Para nós,
amantes da Literatura Policial, a América tem sido o país das mil-e-uma-noites:
nela brotaram flores de mistério e de maravilhoso, de mágoa e de tragédia
através dos dias e dos anos, plantadas por escritores e visionários como Edgar
Alan Poe, H.P.Lovecraft, Dashiel Hammett, August Derleth, Raymond Chandler,
Charles Williams, William Faulkner, Melville Davison Post e tantos outros.
A América
atravessámo-la nós com os vagabundos de Frank Gruber, com os “road runners” de
W.R.Burnett. Contemplámos as vertentes do Ohio e os arranha-céus de Nova Iorque
e Chicago até às montanhas do Colorado e aos desertos do Arizona e do Novo
México com Bill Ballinger, Hammond Hines, Burt Spicer e Jim Thompson.

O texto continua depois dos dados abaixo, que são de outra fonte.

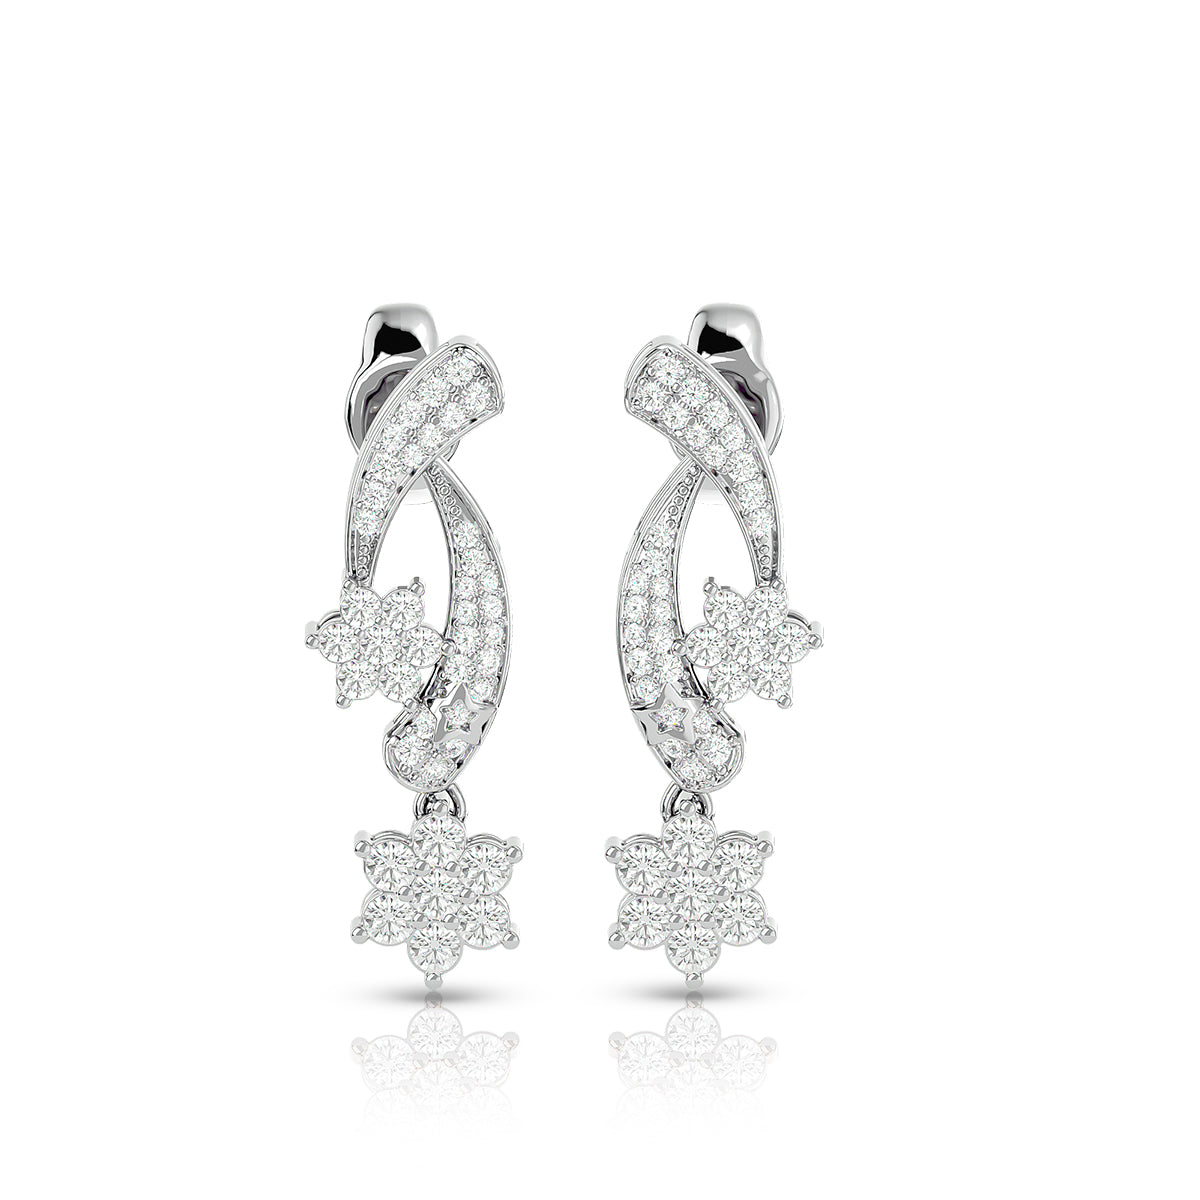 Persona Earrings 18K White Gold With Diamonds

Excursionámos pelas vilórias e pelas pequenas cidades do Midlle West com Ellery
Queen e Ray Bradbury, perdêmo-nos nas alfurjas dos portos e nos “fumoirs” de
Chinatown e da Bowery com Craig Rice, Thomas Burke e um certo chinês filósofo
de bigode a quem chamavam Charlie Chan e que estava ali de passagem vindo da
sua ensolarada Honolulu.
Numa certa noite
de neve, sob a lua da Carolina do Norte, ouvimos tiros na estrada deserta por
onde minutos antes haviam passado Bruce Robinson e Jonatham Latimer, que nos
esclareceram o enredo.
Amámos e
padecemos em quartos e em caves, de mãos atadas atrás das costas pelos
“gangsters” de serviço. E fomos salvos “in
extremis”, com o fato rasgado e o nariz deitado abaixo, por um tal Mickey
Spillane e pelo seu amigo dilecto Mike Hammer. A iluminação brotou-nos da mente
num momento de sagacidade perpetrada por um fulano que atendia pelo nome de
Philip Marlowe. E foi homem a homem que derrotámos o mafioso crápula pseudo
político que nos envinagrava o quotidiano, devido aos sábios ensinamentos dum
tipo chamado Continental Op, em escaramuça devastadora numa viela do Bronx.
De manhãzinha,
com o nosso elegante fato cinzento de discreta risca azulada, entrámos num
palacete onde um ancião atormentado pela nostalgia nos pediu auxílio para
encontrar o genro e fomos catrapiscados por uma “mulher fatal” que nos lançou
na senda da aventura. De outra vez, acompanhando um sofisticado cavalheiro
conhecedor de arte assíria e etrusca que nos disse chamar-se Philo Vance,
tivemos a dita de nos introduzirmos nos ricos salões de Nova Inglaterra e de Manhattan
e, em troca, de juntura com um tal Humphrey Bogart, levámo-lo até aos confins
do Colorado, até à High Sierra, e aprendêmos a beber uns valentes “bourbons” sem ficarmos caídos de caixão
à cova.
Com um jurista
desembaraçado que nos disse apelidar-se Perry Mason, jornadeámos pelas artérias
de Los Angeles e pelos desertos da Califórnia em busca de assassinos nefandos.
Ouvimos muitas
vezes o bramir dos ventos, sentimos na pele o negrume das noites e a chicotada
da chuva inclemente, enquanto – dissimulados a uma esquina, com a gola da
clássica gabardina levantada – esperávamos a chegada dum companheiro empregado
na mesma agência que se chamava Caution, Lemmy Caution e que era pai dum tal
James Bond.
Tudo isto
sentímos nessa América onde havia e há problemas e conflitos não resolvidos,
mas onde também sempre houve esperança e alegria devido a umas coisinhas
simples, mas espantosamente importantes, que dão pelo nome de liberdade de
palavra, de reunião, de pensamento e da sua divulgação não obrigada a mote,
como sucede hoje em muitos sítios supostamente civilizados.
E agora que se
tornou moda ou característica pôr-se sistematicamente em equação essa América
(toda a América?!) como símbolo do mal e da desgraça - principalmente para se
sentir melhor a nostalgia dum Leste implodido e de novos bárbaros a quem se
santifica como mártires - lembremo-nos de todos os mosaicos intemporais que ela
criou através de membros humildes ou repletos de cultura viva que, hoje por
hoje e amanhã por amanhã, se calhar só serão epigrafados e em altas vozes se,
de novo, tiverem de dar a vida como em 39-45 para continuarmos a desfrutar de
um pouco de futuro possível.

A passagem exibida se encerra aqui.